My body feels these new demands, in a good way. I am surprised that my stomach muscles are sore after all this clambering and jumping across things, yet I have not done a single sit-up. Boy do those muscles in my back hurt! I am excited that after around a month of this kind of running, I am having no alarming pains in my feet or joints, no messages telling my that my body is getting injured. Had I done this a six months ago, it would have been a guaranteed recipe for injury.

When I run across smooth concrete now, boy does it feel easy! I think that by running over more demanding terrain, I am making myself faster over easier terrain. I’ll have to see.

One problem though: How do I log this in an exercise log? I have really enjoyed logging all my miles over the last year, since I can see the progression over time. I went from running a regular 10 miles a week to a regular 35 miles a week, sometimes 50 plus miles. I love analysing numbers and guessing at trends and stuff, so this has given me some nice data to work with. It is bordering on obsessiveness, maybe it bourn out of a desire not to get injured? Maybe that’s the real reason that runners carefully log their weekly mileages, since we are used to always being injured and have to increase mileages in a slow and measured way?

Our love affair with the high speed transportation has meant that we have optimised our environment for the wheel. To take advantage of this, I often ride my bicycle to work. But, how can I equate bicycling miles to running miles? For me, it feels like 3 bicycling miles is about equivalent to 1 running mile. Any ideas there? Should I log those miles in my weekly mileage?

Basically, I am looking for a different way of logging “effort expended” to log my exercise over time. I am thinking that heart rate is surely a better way of doing this, since I am doing all these different forms of exercise.

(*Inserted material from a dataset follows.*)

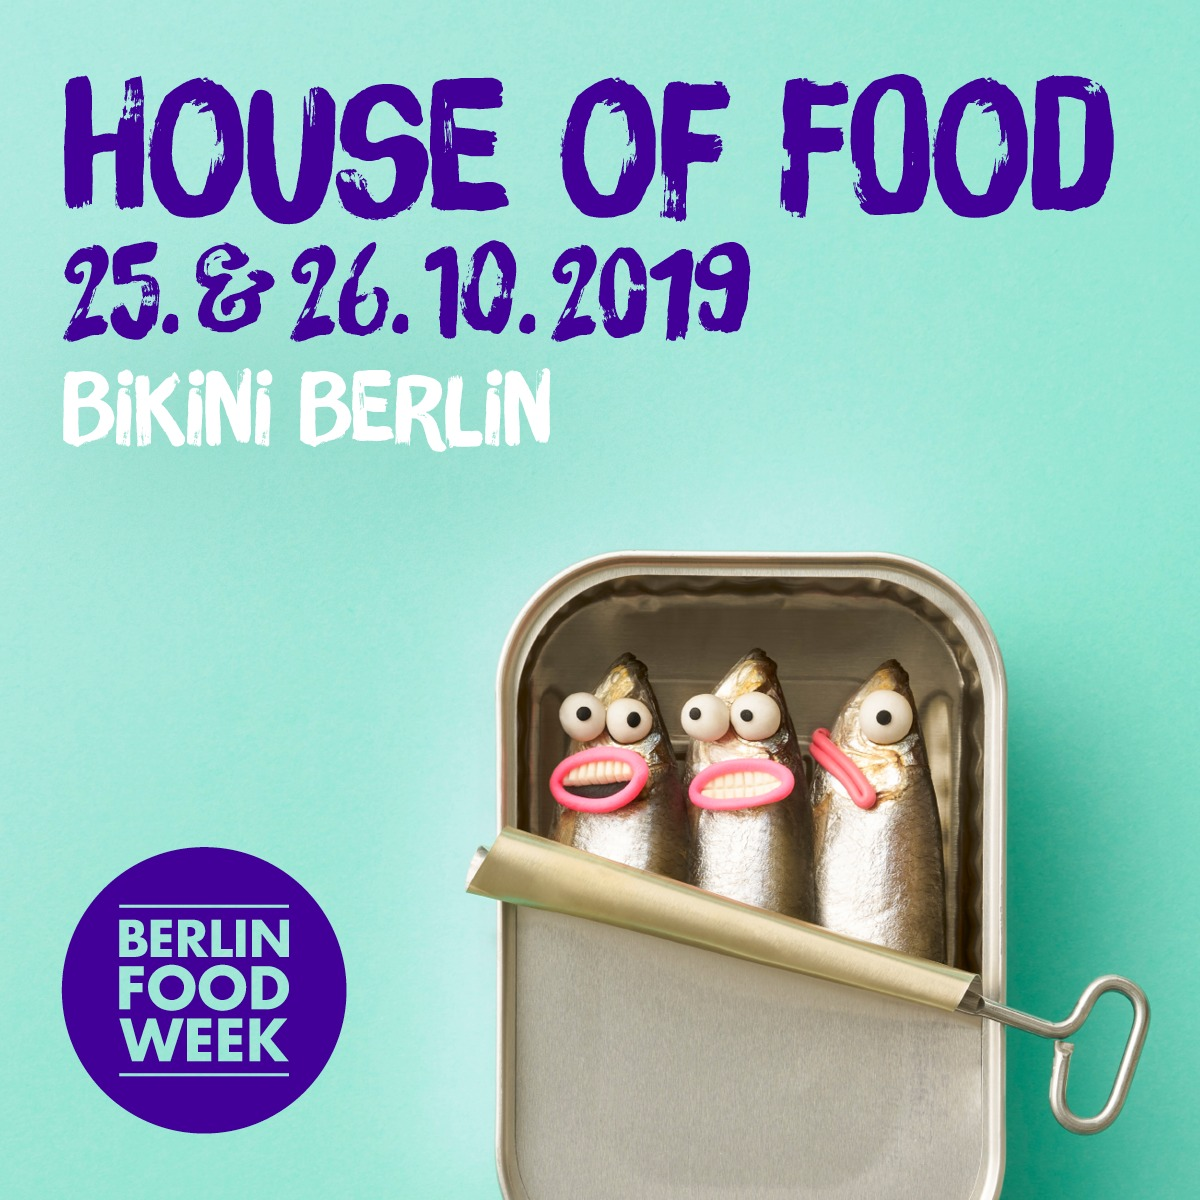 House of Food im Bikin Berlin

I have tried out an inexpensive ($30) heart rate monitor watch and found it to be very quirky, despite putting the relevant conductive gel on the sensor. Perhaps the expensive ones are more reliable and do not give such spurious readings? Any ideas on how to extend my activity log to incorporate some of these aspects?

Running Free

Having run barefoot for around a year, I have decided to start keeping an online record of my progress, since I have made such a huge amount of progress in my running in only a year. One of the main interesting things that has happened is that I have increased body awareness and a more complete understanding about what it means to be really healthy. My original goal was to simulate some of the things that our ancestors did, to put my body through the same kinds of demands that it has evolved to do, so that I would be living more in tune with our design, not fighting it or somehow trying to "overcome" nature.
With this in mind, I am constantly finding new ways of being a natural athlete. Something I have just read about is free running, or Parkour, which is something else I shall try to incorporate into my running. I am often tempted to leap up onto things as I run, to hurdle benches and up onto small walls, since otherwise, a kind of monotony can set in. Instead of doing boring press-ups and sit-ups, why not climb over walls and practice rolls to build further body strength? Which is more fun? Which is more natural?

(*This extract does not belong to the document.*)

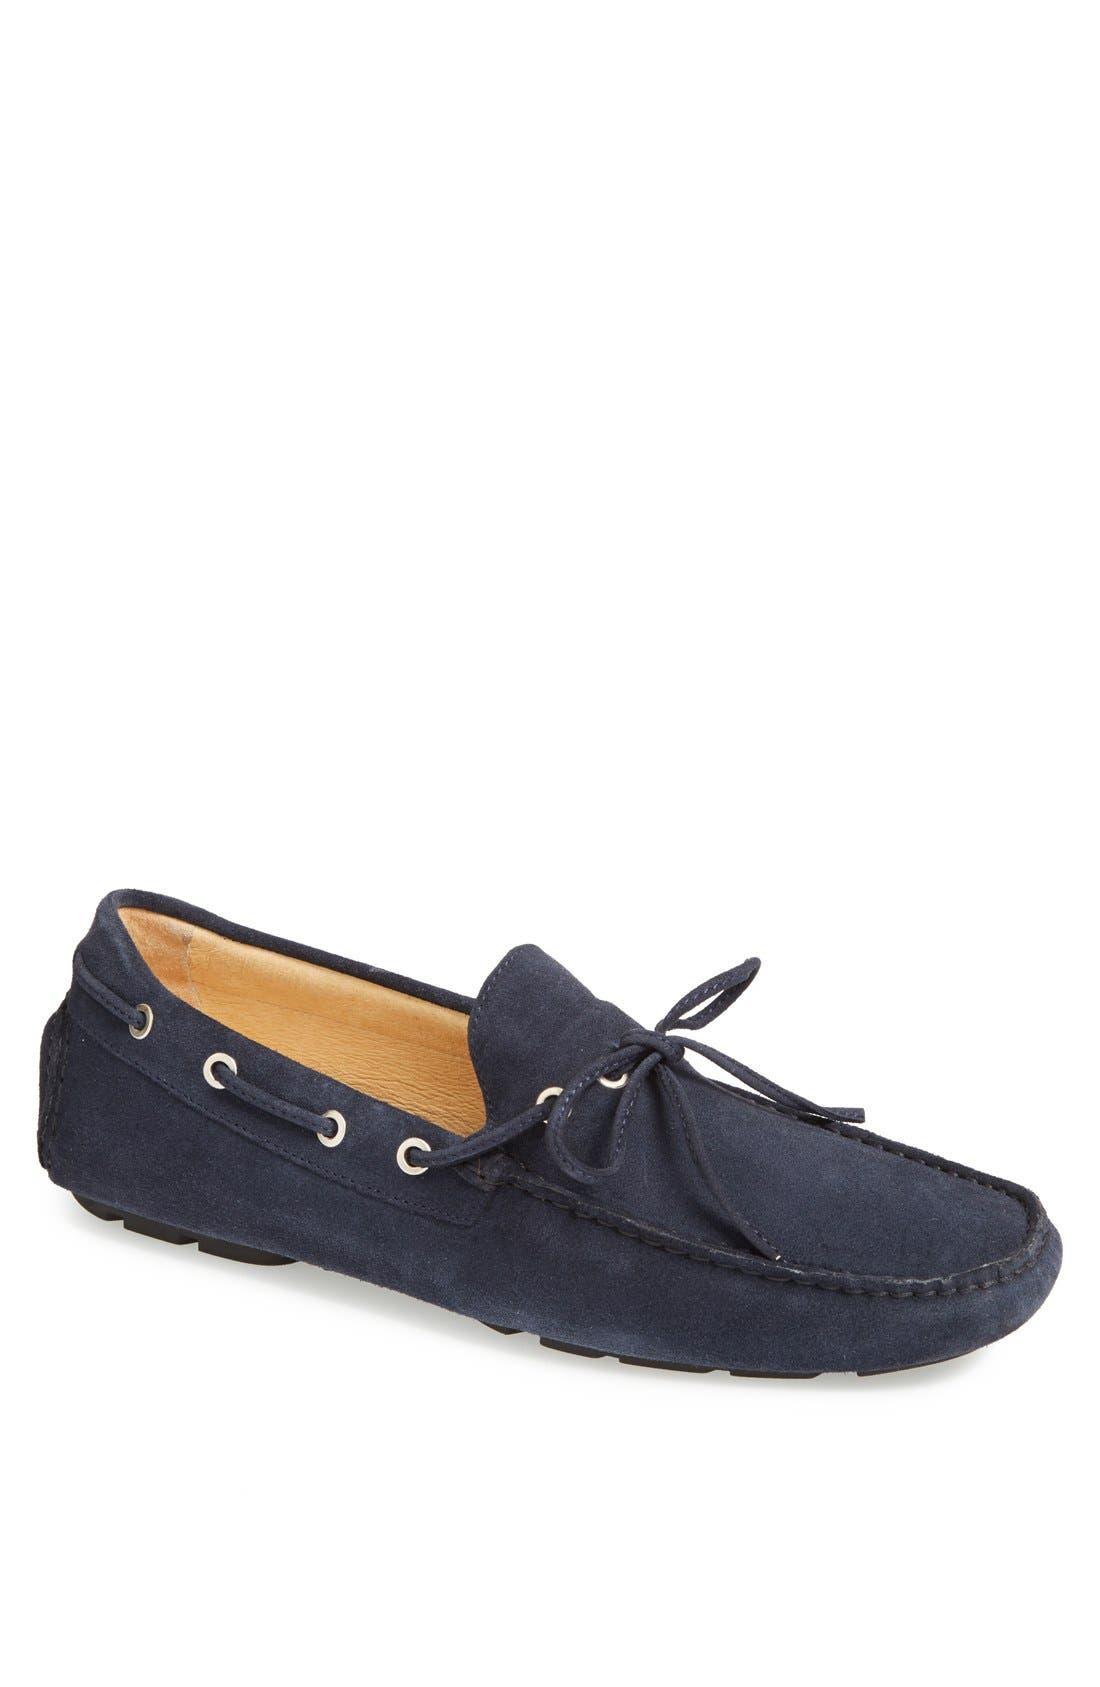 Main Image - Boemos Suede Driving Shoe (Men)

Free running is not about leaping across building tops, but more a way of flowing around obstacles. Why not try to navigate an assault course Tai-Chi style? There are plenty of obstacles to find, there is no need to actually go to an obstacle course, just as there is no need to go to a gym if you wish to get fit. The location is immaterial too: urban, country. Imagination is the limit.

So, I am going to incorporate this third dimension into my running, to transform it from two dimensions by practicing some basic skills such as climbing walls and doing forward rolls to learn how to safely break a fall and to actively seek obstacles as I explore my environment. I look forward to improving my strength, balance and spatial awareness.